### PROBLEM DETAILS:
Copy verbatim the block of lines in the entries below whose first line contains "Car Silhouette Vector" and whose last line contains "Used Condition Liz". Leave out all other lines.

### TASK MATERIAL:

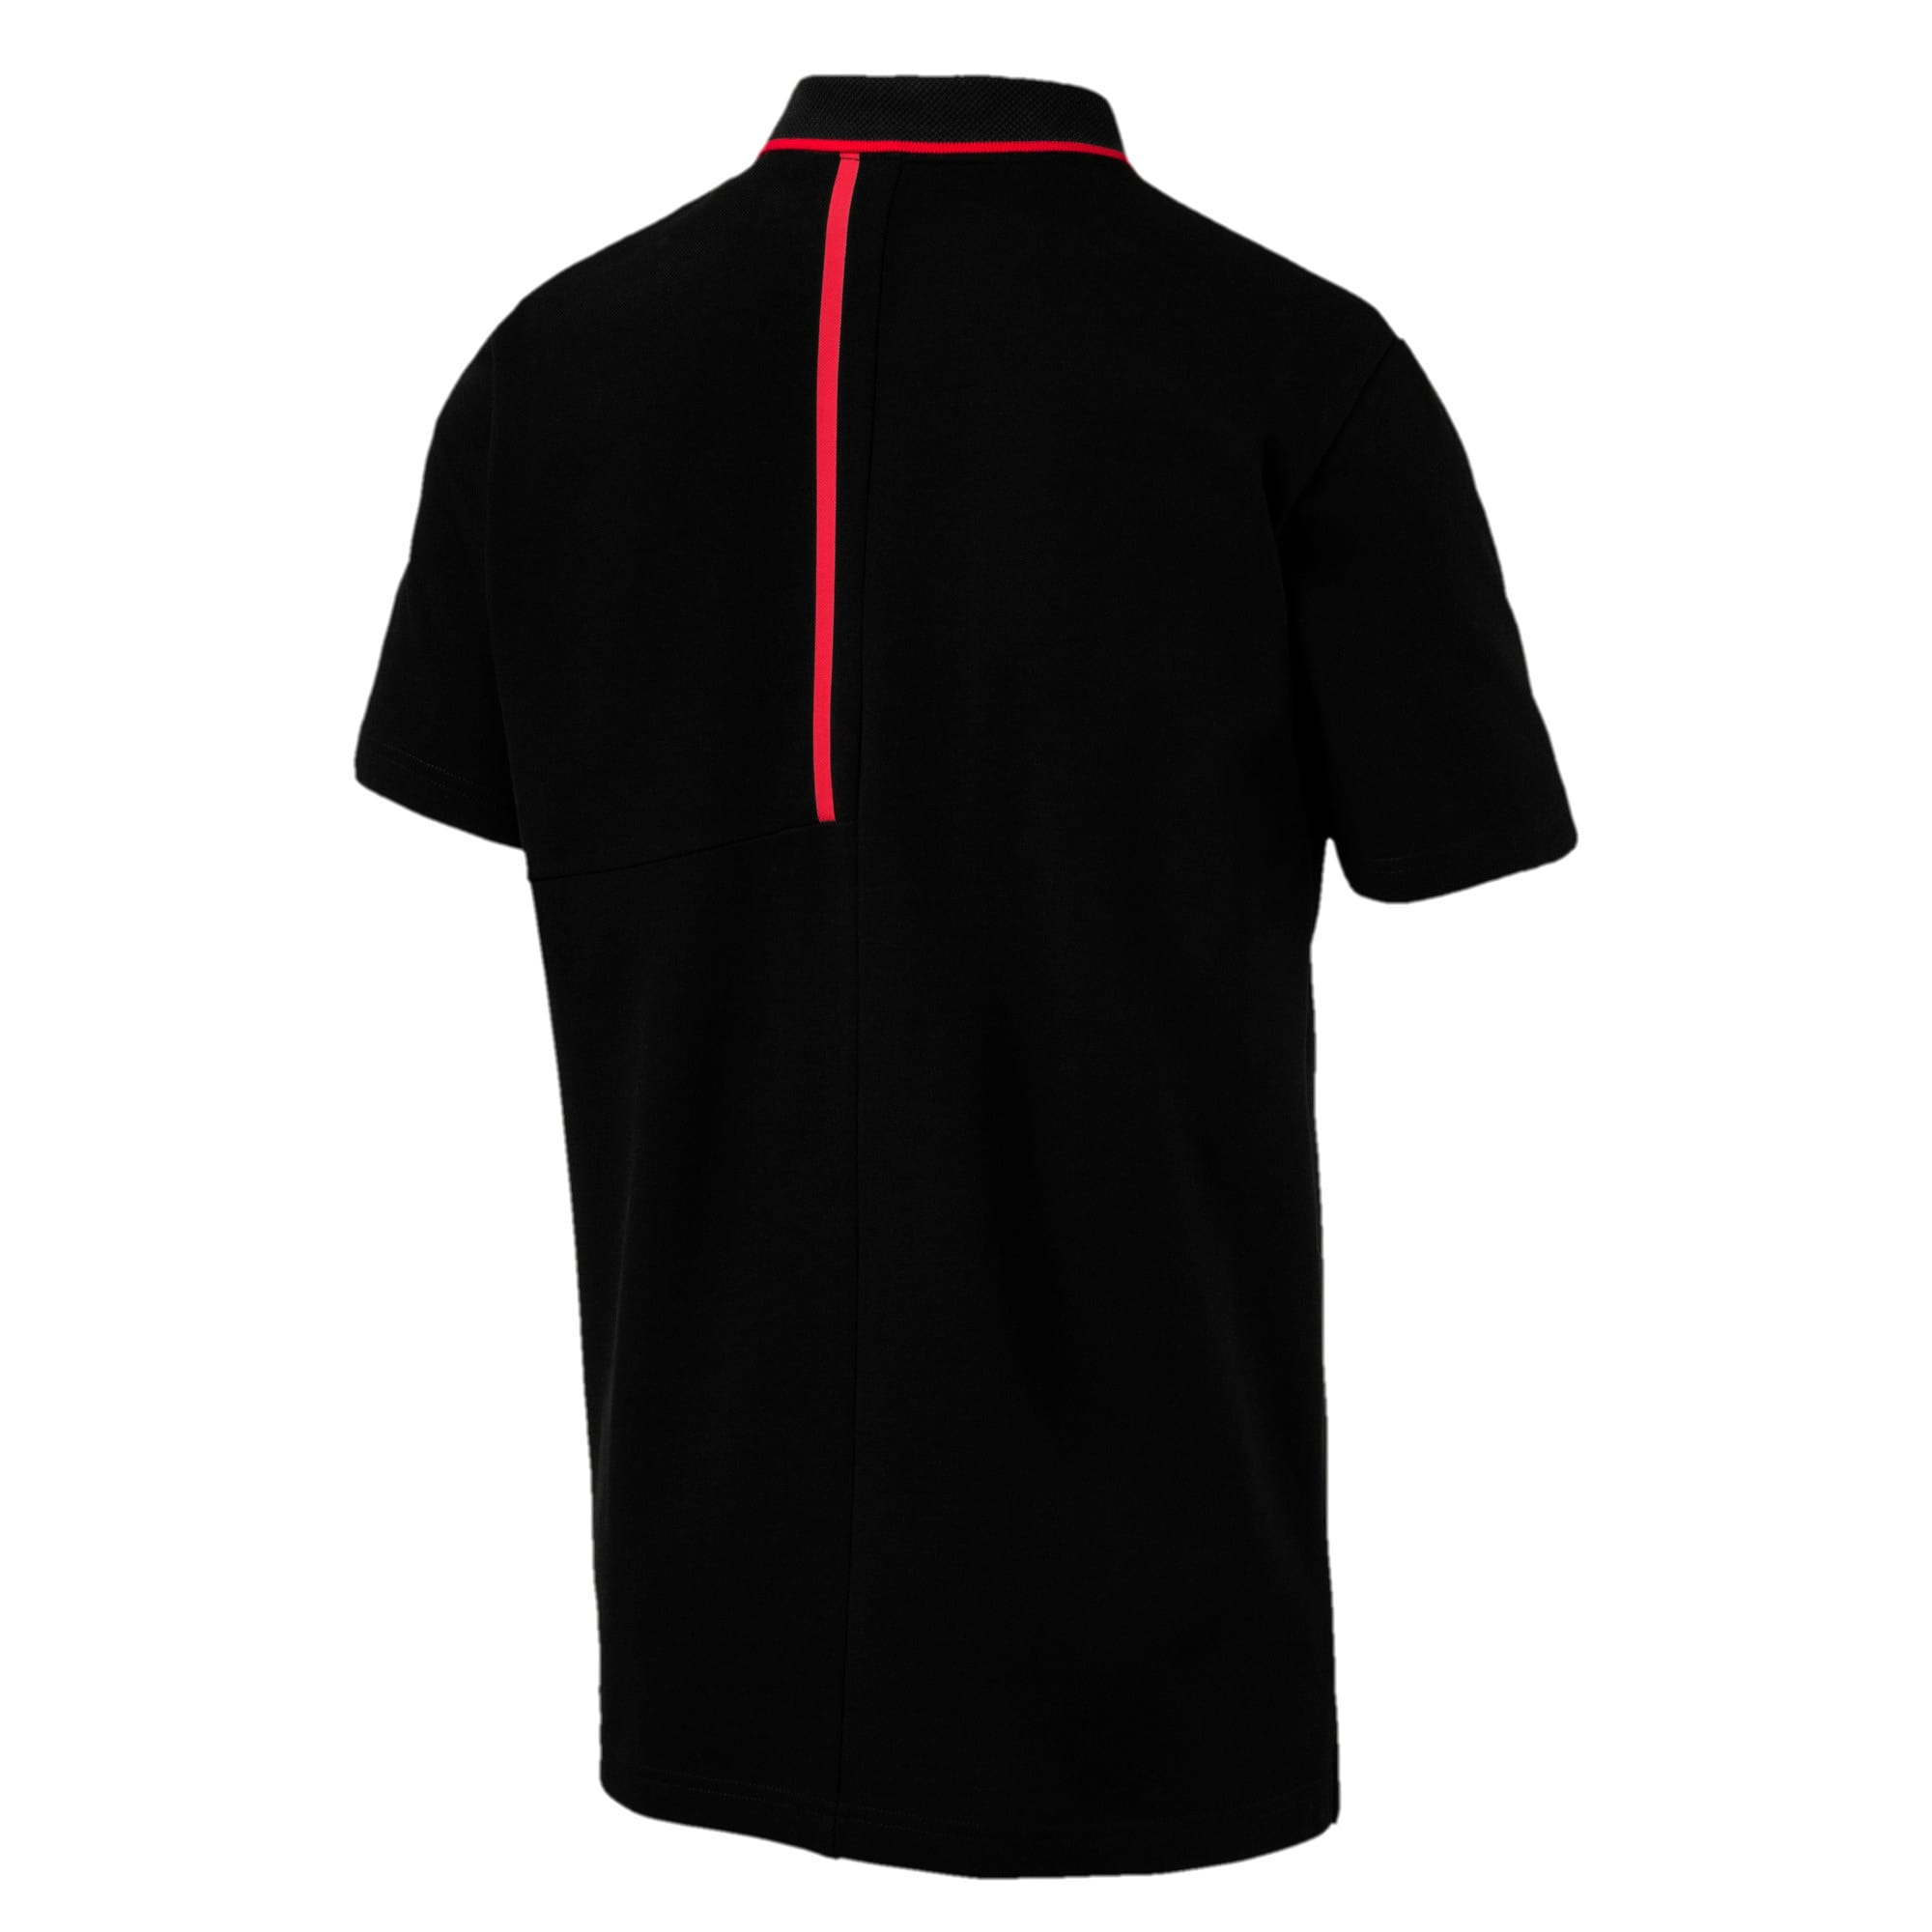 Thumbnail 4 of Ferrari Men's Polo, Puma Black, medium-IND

...

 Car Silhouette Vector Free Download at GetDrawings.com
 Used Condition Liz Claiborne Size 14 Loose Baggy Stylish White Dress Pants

==

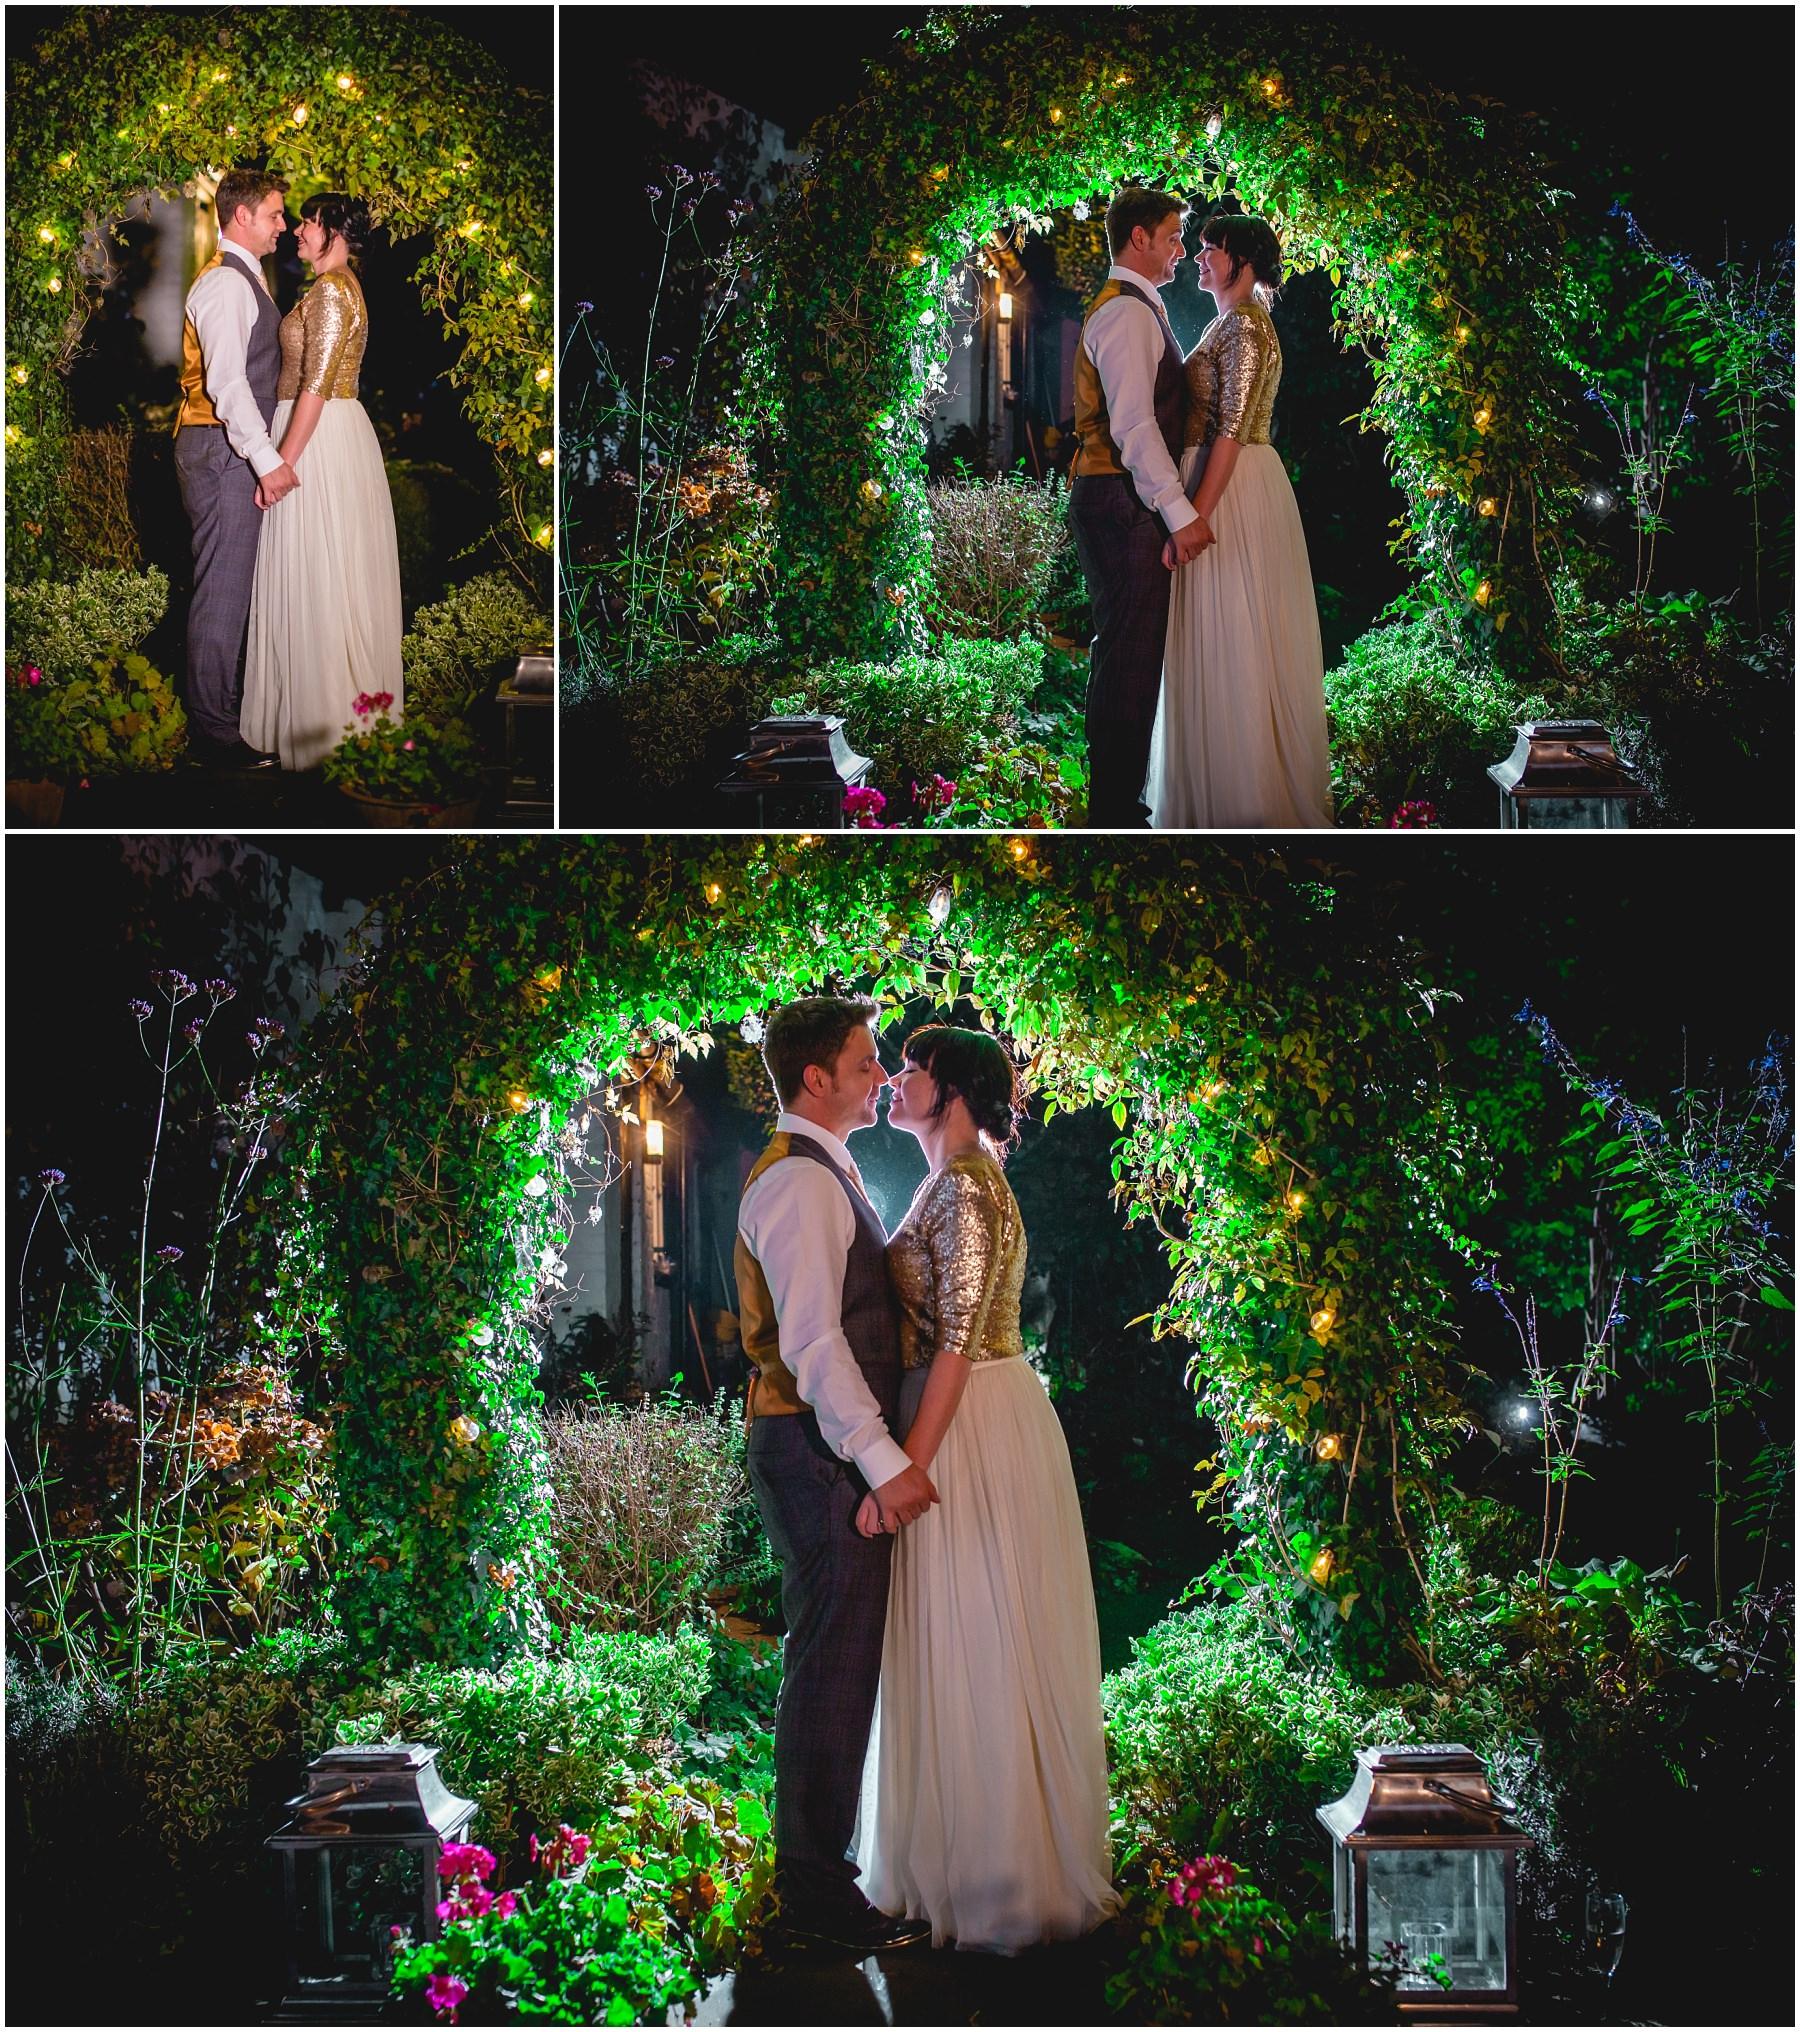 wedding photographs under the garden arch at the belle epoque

### WRITTEN ANSWER:
 Car Silhouette Vector Free Download at GetDrawings.com
 Used Condition Liz Claiborne Size 14 Loose Baggy Stylish White Dress Pants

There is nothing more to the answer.